■ Work order
The required output is the exact run of lines from the one that contains "This precious duck" to the end of the data, with every picture left out.

■ Input data
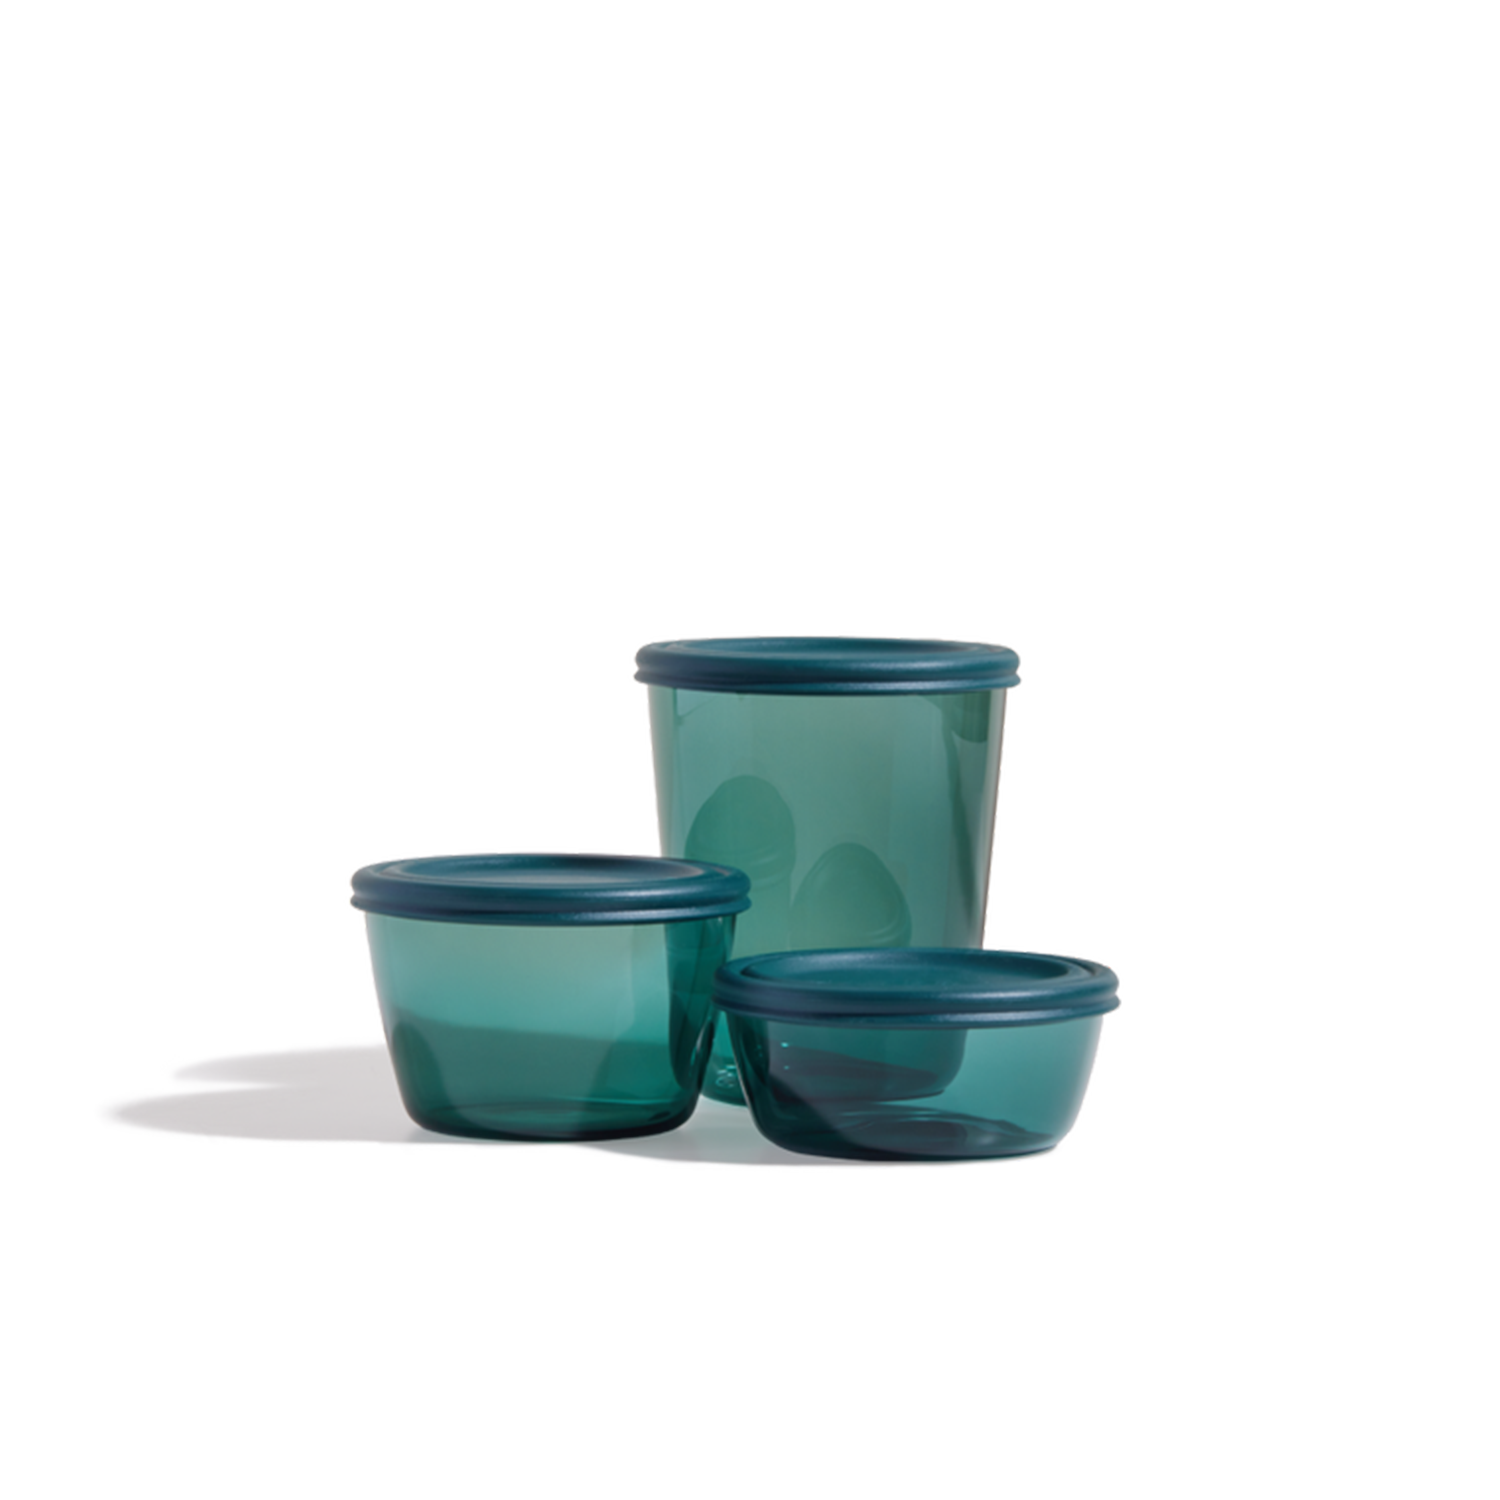 Our Place’s First-Ever Food Containers Are Impossible to Mismatch—Or Topple Over
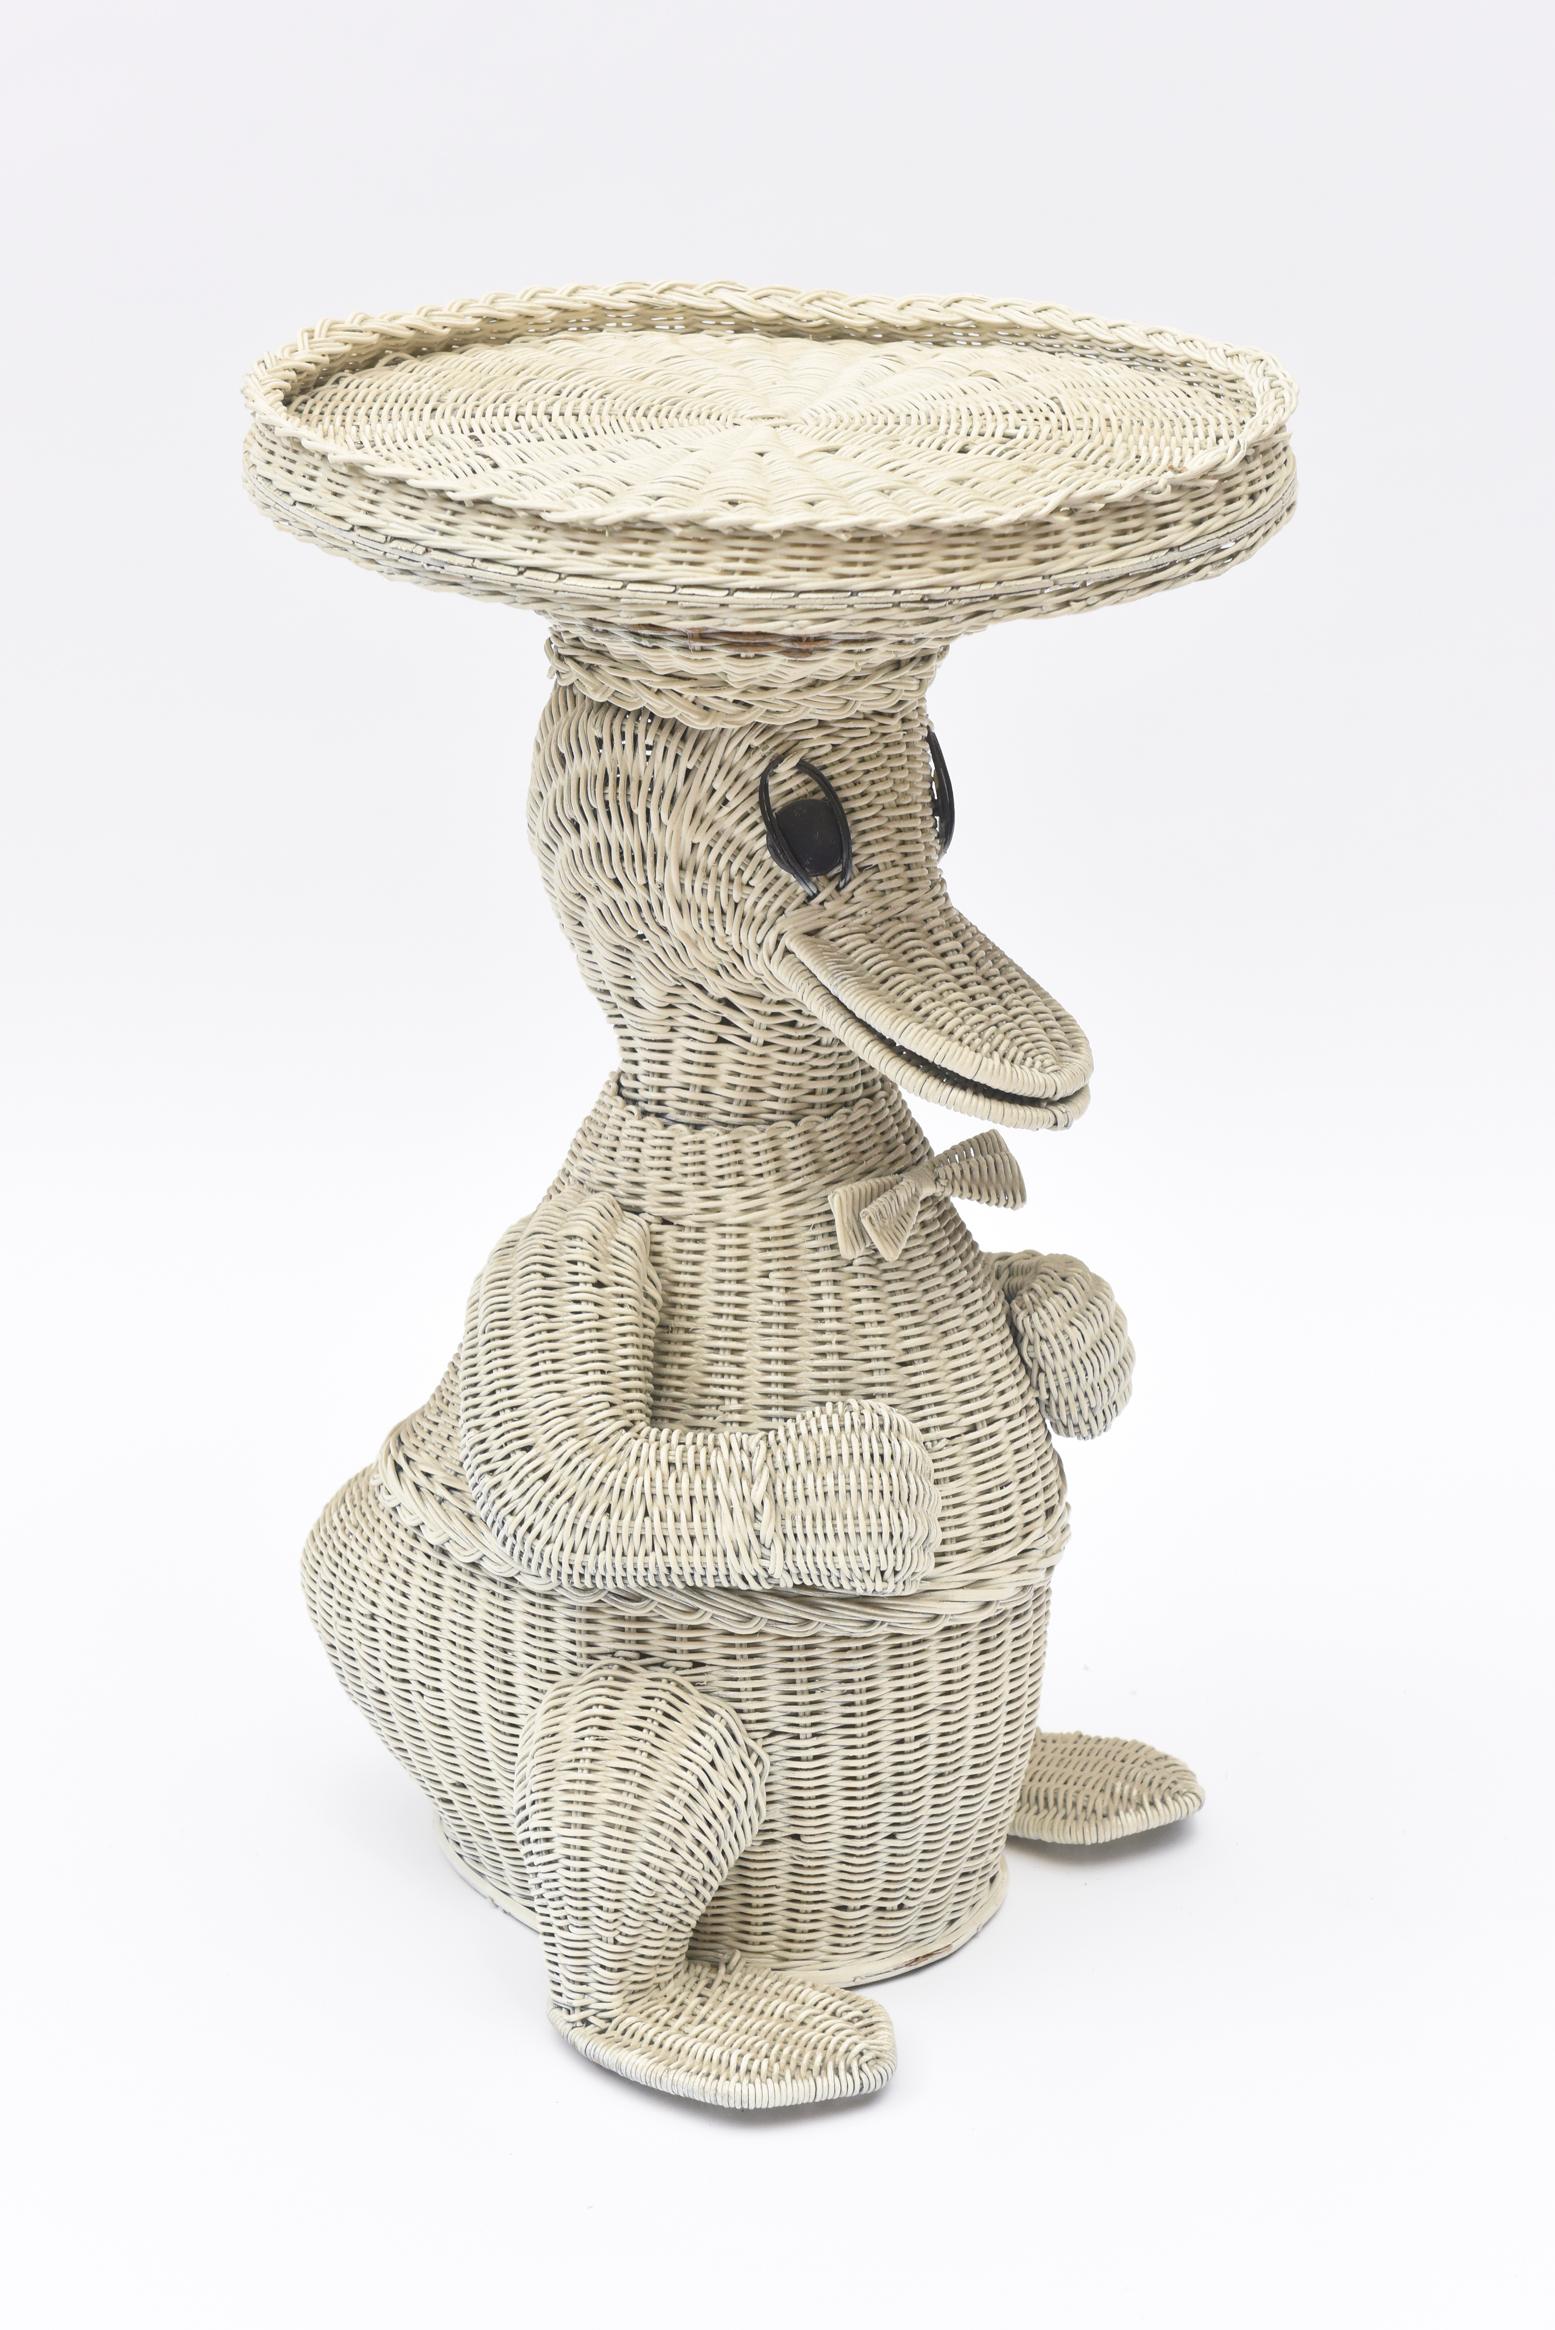 This precious duck with his bow tie and removable tray table top should make a baby or small child leap for joy. Created in the 1950s of wicker, he is the perfect addition to a nursery, bearing a resemblance to Donald, a favorite duck character
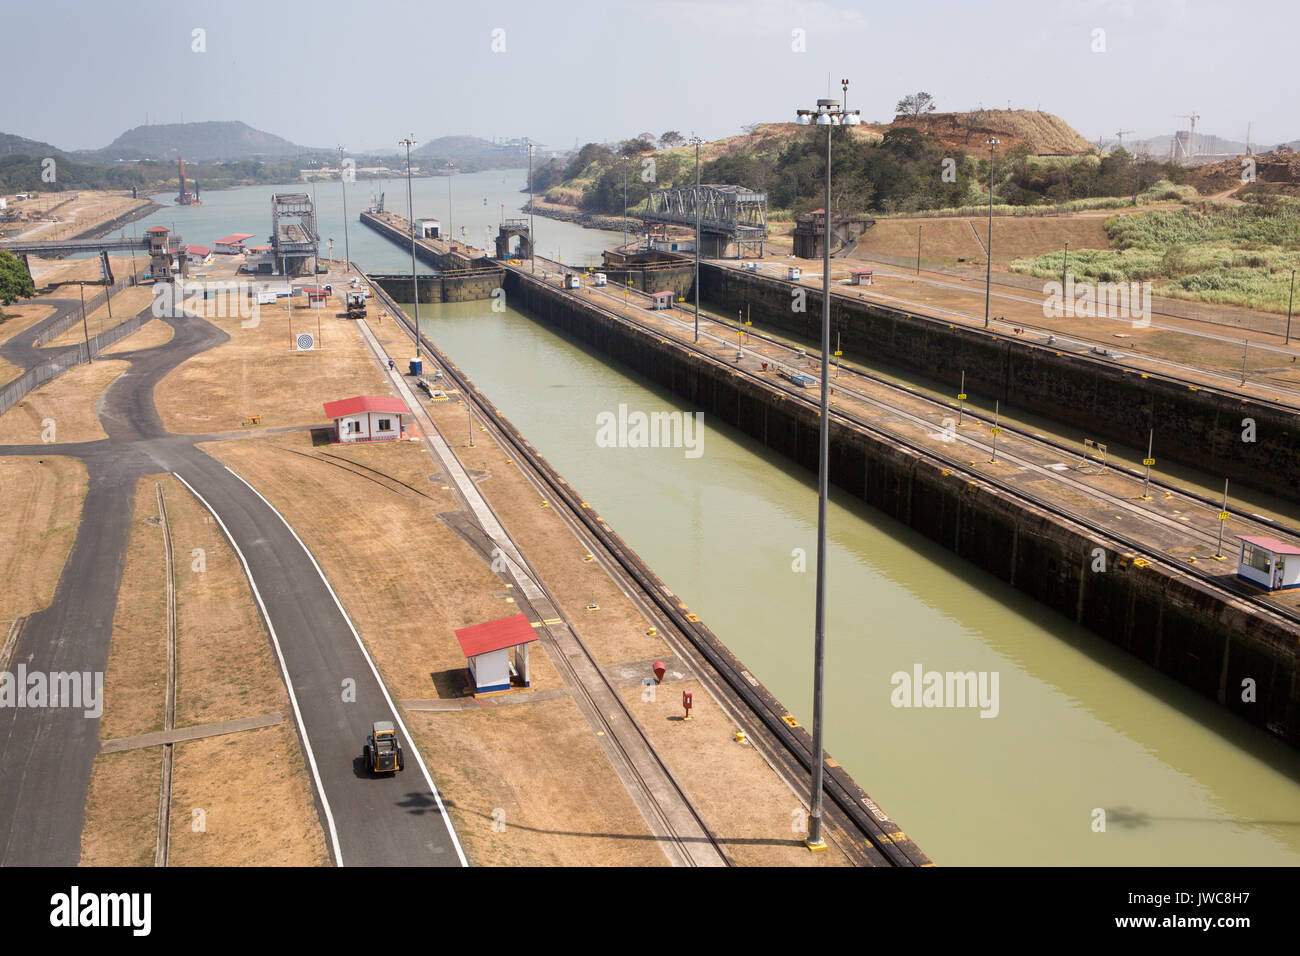 The Miraflores Locks of the Panama Canal leading to the Gulf of Panama and the Pacific Ocean entrance. Stock Photo
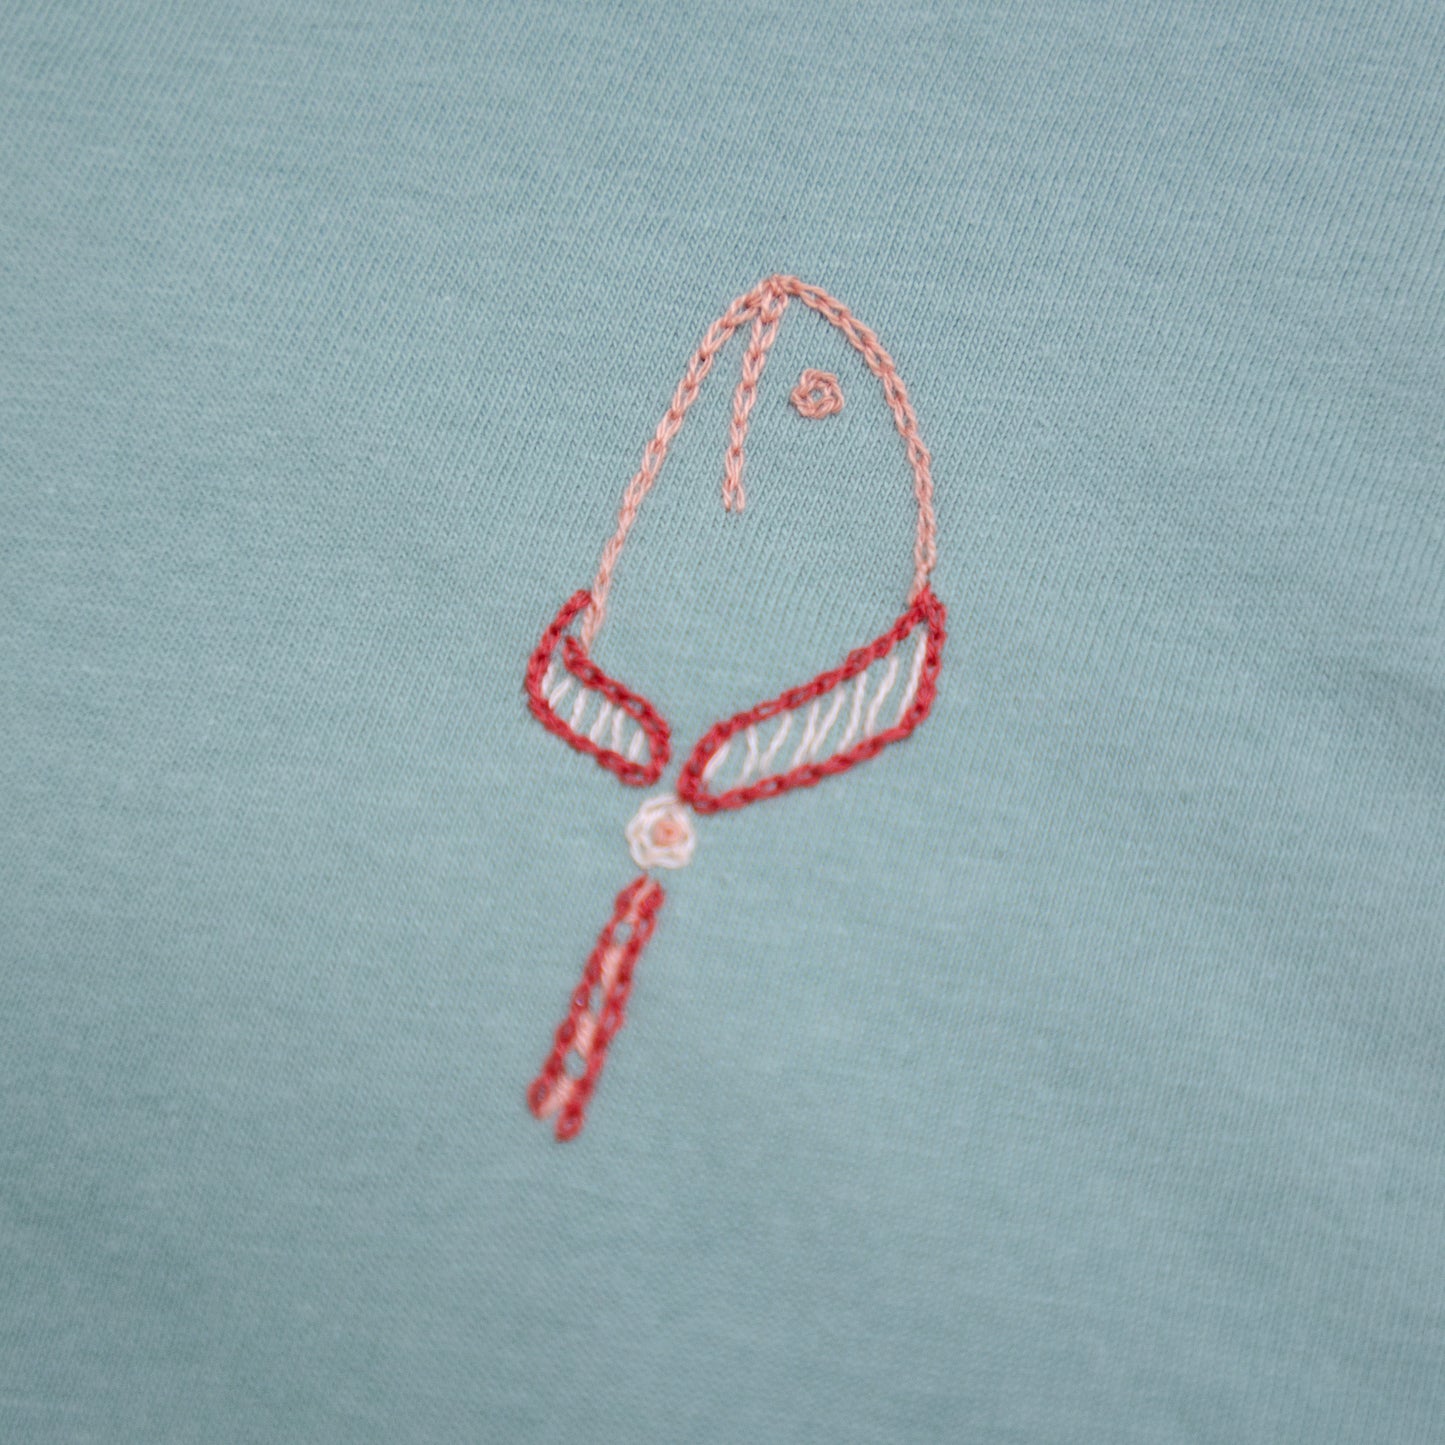 Embroidered T-Shirt - Kelp

■ Answer below
 This precious duck with his bow tie and removable tray table top should make a baby or small child leap for joy. Created in the 1950s of wicker, he is the perfect addition to a nursery, bearing a resemblance to Donald, a favorite duck character
 The Miraflores Locks of the Panama Canal leading to the Gulf of Panama and the Pacific Ocean entrance. Stock Photo
 Embroidered T-Shirt - Kelp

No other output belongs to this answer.